Thursday, September 28, 2017

Letting Go

Letting Go
By Michael Cannata  





He sat alone on her bed, holding her favorite stuffed toy tightly against his heart. He could still see her face so clearly; the face of a little girl nowhere to be found.

His little girl, his first born, had vanished over six years ago. On the short walk home from school she simply disappeared. A search that began at her front door and stretched clear across the nation, had failed to find the slightest trace of her. All he had left of her was here in this room.

He and his wife had left it exactly as it was the day she went missing. His wife used to come here with him. They waited for years hoping that, against all odds, she would come home someday. They would wish, pray, cry and cling to each other, desperately hoping she would return, as desperately as he clung to her memory now. Over the years, what had started out as a symbol of hope, silently morphed into a loving memorial. Gradually, it changed into a shrine of sorrow.

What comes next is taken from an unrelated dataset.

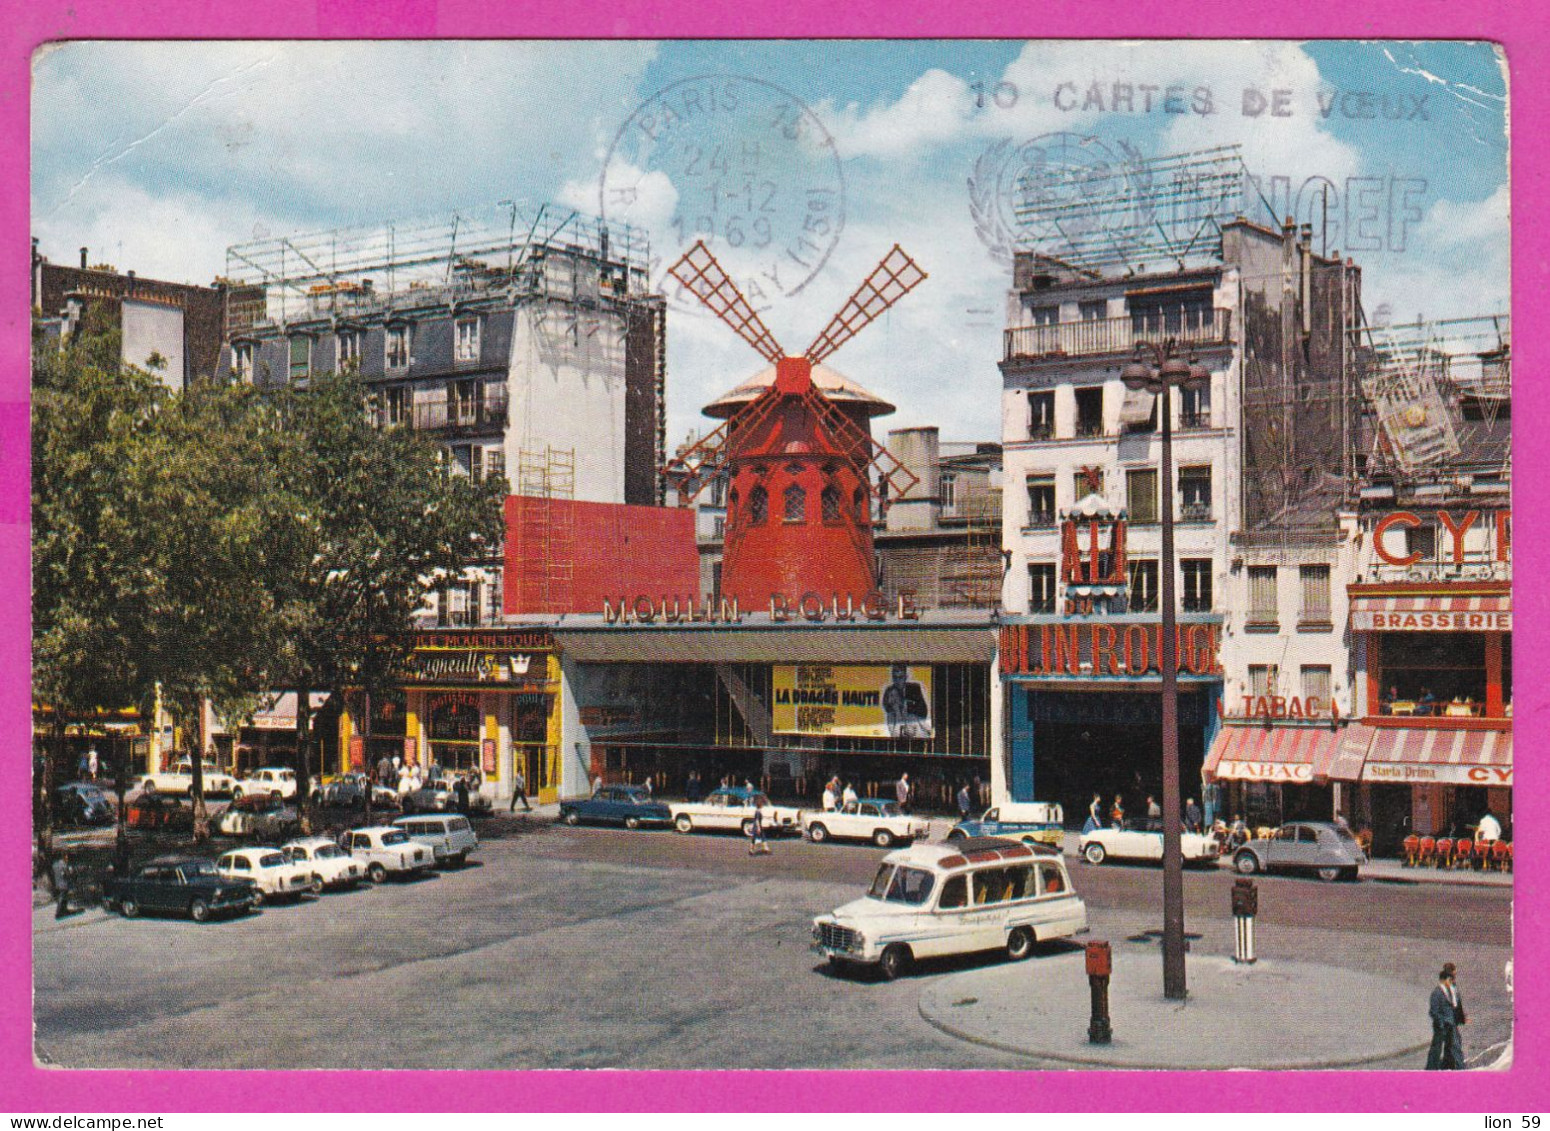 294195 / France - PARIS Moulin Rouge PC 1969 USED 0.40 Fr. Marianne De Cheffer Flamme 10 CARTES DE VOEUX UNICEF = 1 ENFA - 1967-1970 Marianne Of Cheffer
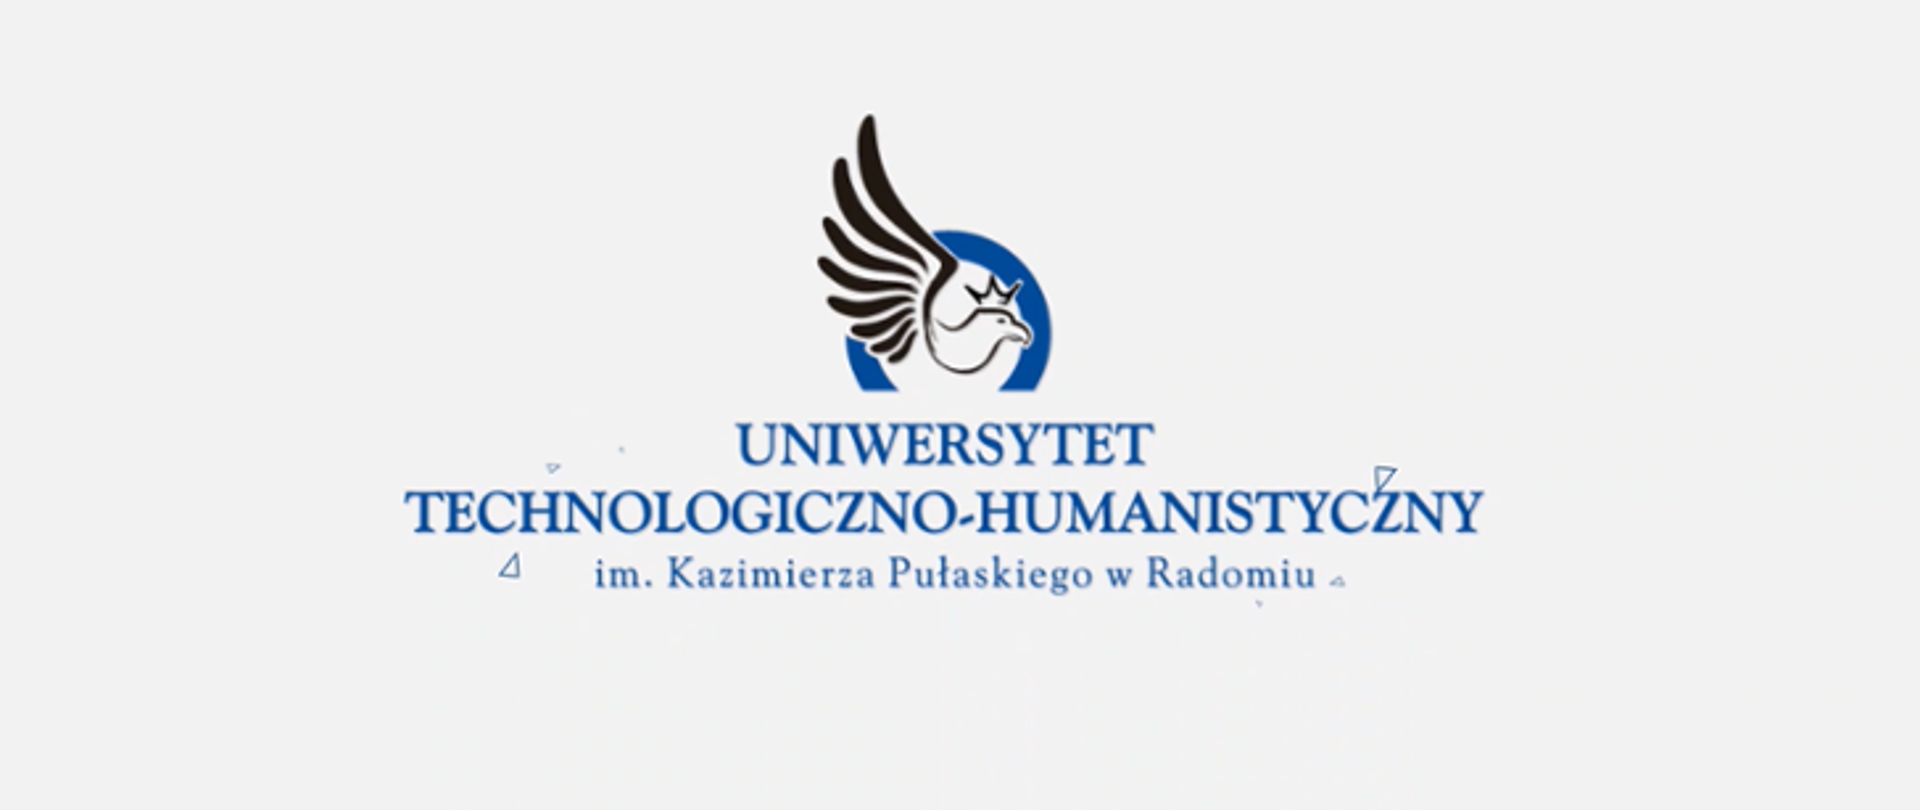 Uniwersytet - logo

As the years passed and her hope faded, his wife refused to enter it anymore. Each time she did, she would experience too much hurt and lose too much hope. It wasn’t until he realized that the pain that had settled into his wife’s eyes when her daughter disappeared, had been replaced by a different pain, the pain she suffered as she watched her husband slowly slipping away as well, that he began to notice how much his refusal to give up was destroying his family. When he saw the pain his grief had caused, he knew the time had come.

He had always loved to sit and talk with his children. Feeling abandoned, his kids had stopped talking with him years ago. They had finally realized that he didn’t talk to them anymore. He only talked at them. And it was always about her. It was as if he was so obsessed with the fact that she was gone that he had forgotten that they were still here. And that they needed him still.

Finally, even if it meant leaving him behind as well, his wife, his family told him they were ready to move on with their lives together and salvage what happiness it held for them, His wife told him she planned to leave with them. She had given up hope that she would ever get her daughter back. It was destroying her knowing that she would lose her husband as well.

She kissed him gently and left him in her room. She told him she would wait at her parent's home with the kids. Wait until he decided whether he would return to the family he had, or forever mourn for the family that once was.

Despite the fact that he felt he could never give up hope, he knew in his heart finding his daughter was a hopeless cause. Slowly, reluctantly, he began to pack her things away. His son would need a room of his own when he brought them back home. He had to let go of all hope of saving her, if he was to have any hope of saving what was left of his family.


Heartbroken, he knew what he had to do. Reluctantly, he steeled himself against the task. And for now, for one more moment, alone with her things for the last time, he would clutch the tiny toy closer to his heart for just a while longer before finally letting go forever.